Overall, the findings of these studies indicate that inhibitors of cathepsin B, and inhibitors of cysteine cathepsins, improve behavioral deficits and ameliorate neuropathology in AD, TBI, and related brain disorders. Therefore, development of inhibitors of cathepsin B is a logical strategy for discovery of effective therapeutics for AD, TBI, and related brain dysfunctions.

5. Maturation of preprocathepsin B, member of the cysteine cathepsin protease family.

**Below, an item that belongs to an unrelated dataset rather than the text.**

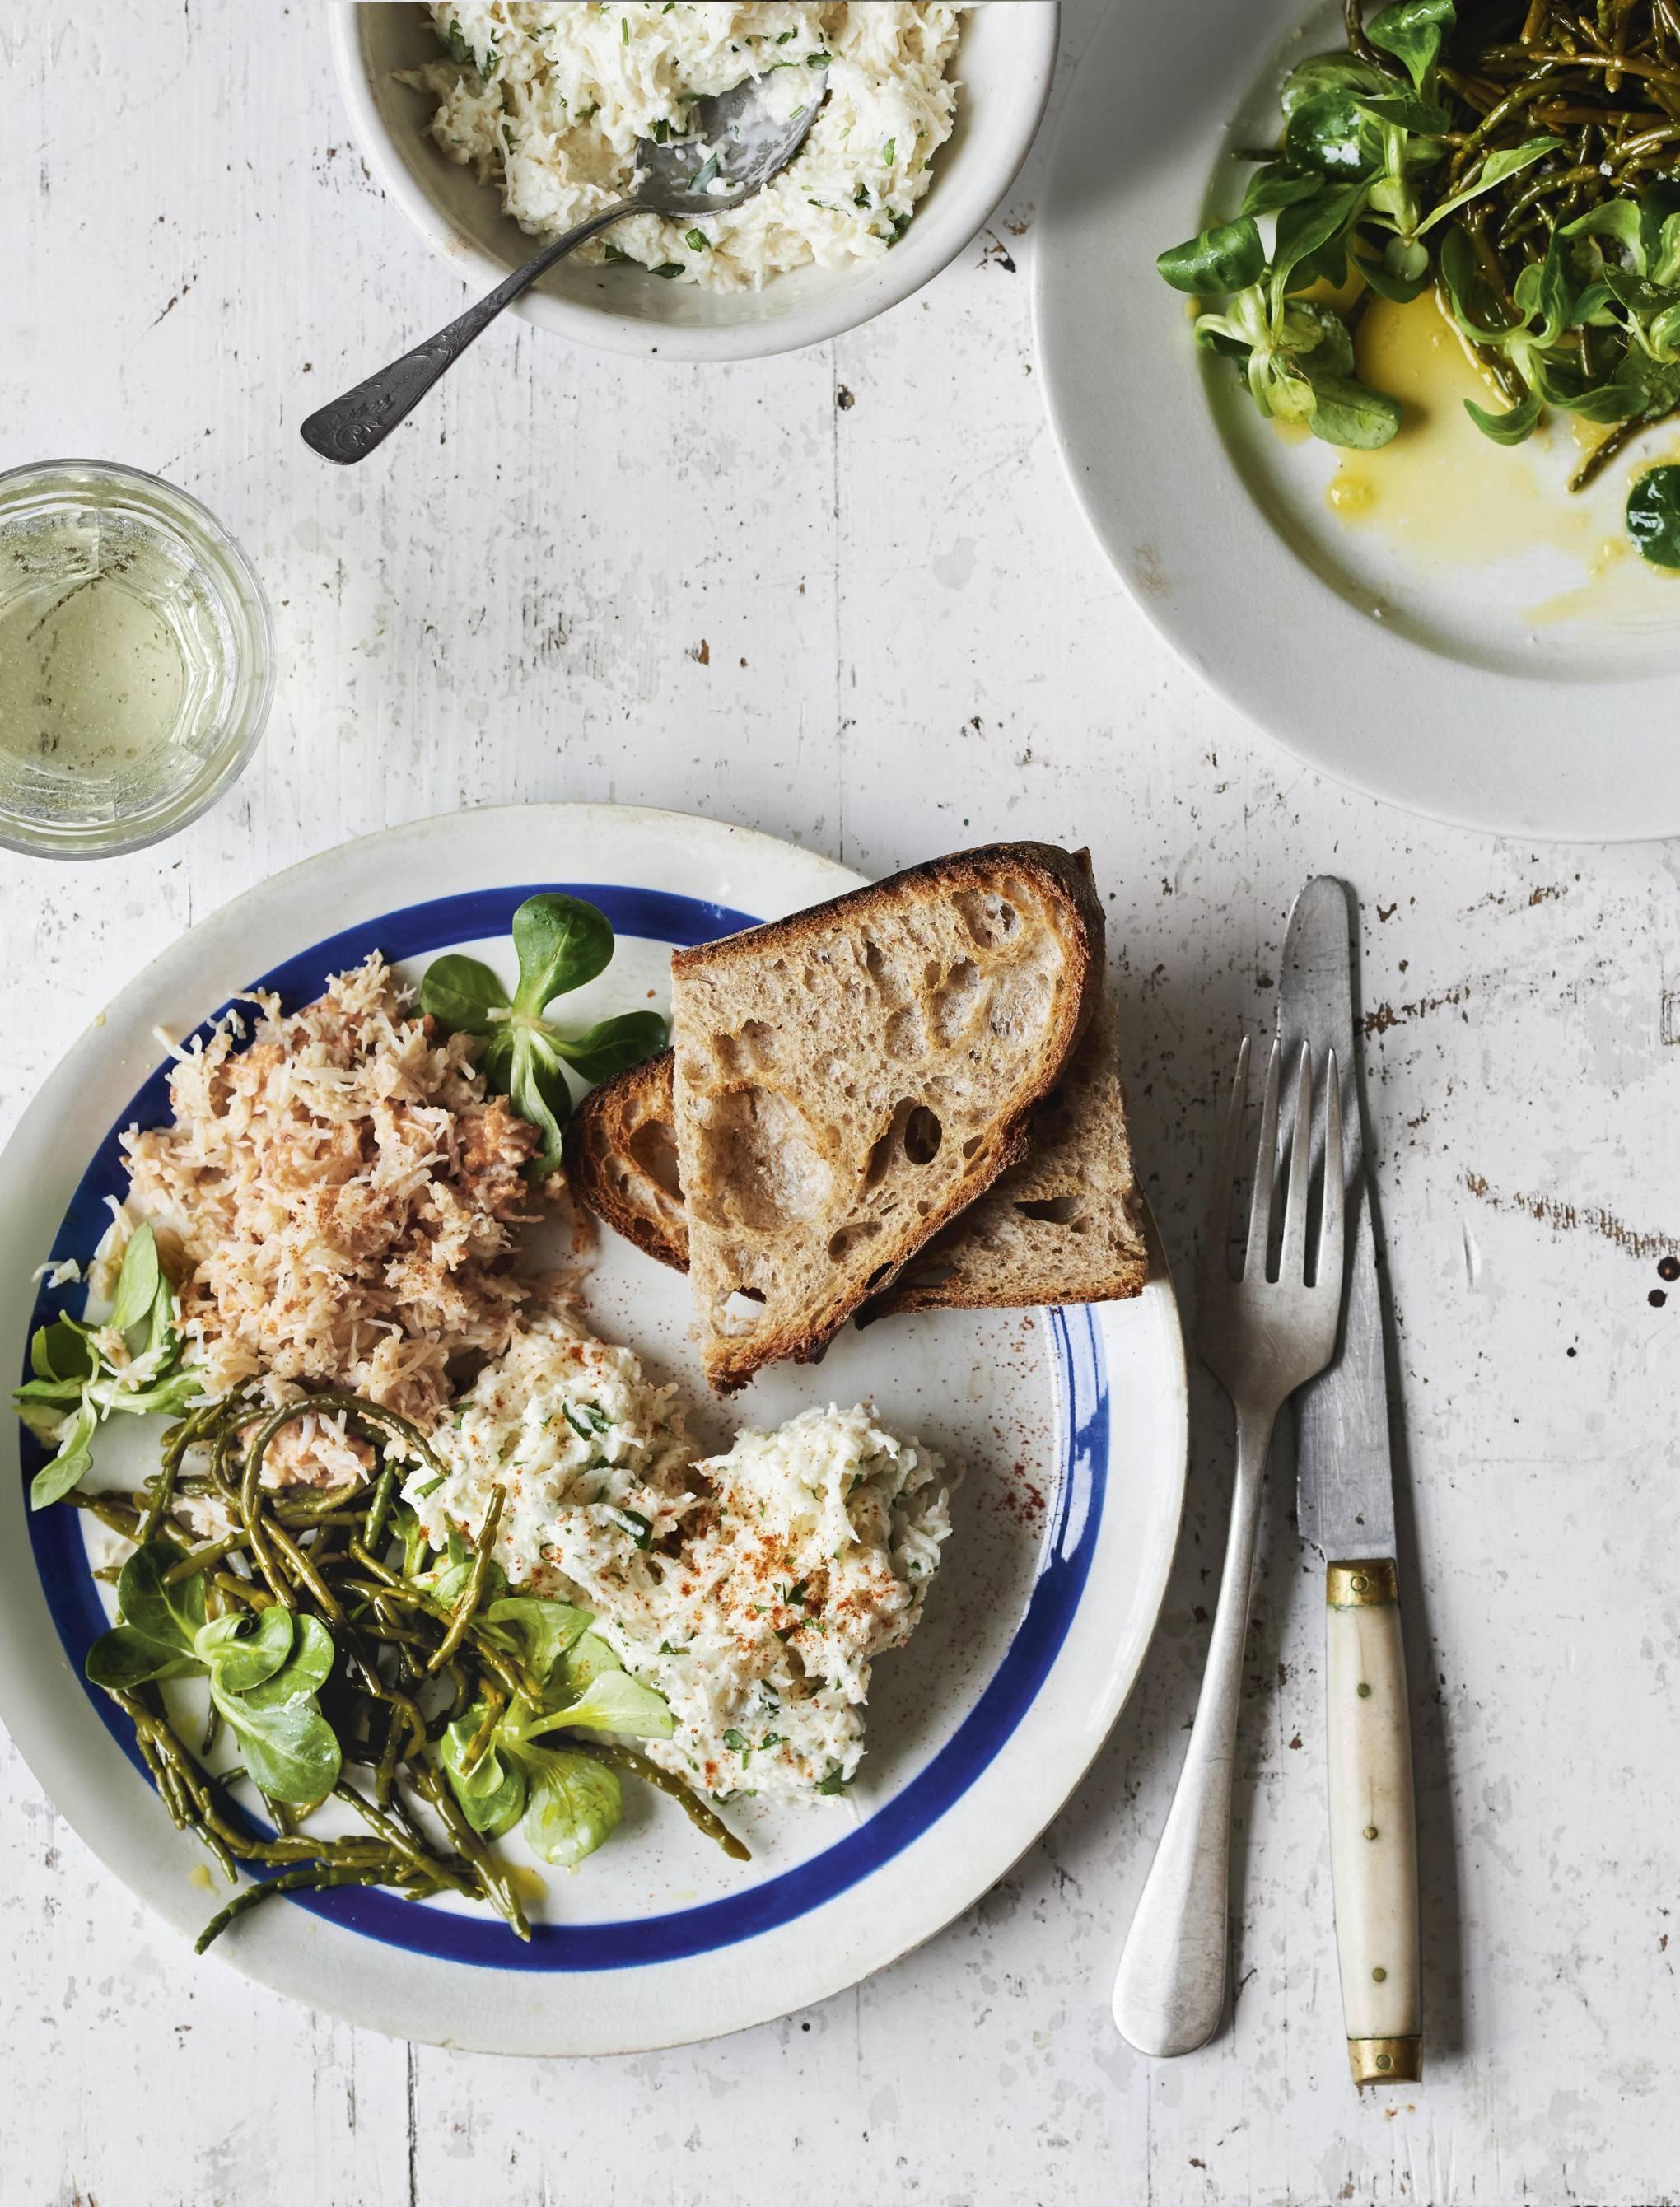 Crab, pickled samphire and radish remoulade

Cathepsin B is a lysosomal cysteine protease belonging to the clan CA and the papain-like family C1A. The other C1A papain-like cysteine proteases in humans are cathepsins C, F, H, K, L, O, S, V, W, and Z (also known as cathepsin X) (40, 43, 114). The cathepsin family also includes the aspartyl proteases cathepsins D and E, and the serine proteases cathepsins A and G. These cathepsins comprise the 15 protease members of lysosomal cathepsin proteases. Cathepsin B is among the most abundantly expressed cathepsins in the human brain (40).

Cathepsin B is synthesized as an inactive prepro-enzyme which undergoes sequential proteolytic processing for maturation of active cathepsin B (Figure 4a) (115, 116). The preprocathepsin is synthesized from its mRNA and undergoes removal of the NH₂-terminal signal sequence (17 residues) in the rough endoplasmic reticulum (43, 114–116); the resultant procathepsin B is translocated to the Golgi apparatus and routed to lysosomes. Procathepsin B is processed by removal of the propeptide to form the mature, active enzyme (117–120). The cathepsin B enzyme can undergo additional processing to generate heavy and light chains with disulfide linkage.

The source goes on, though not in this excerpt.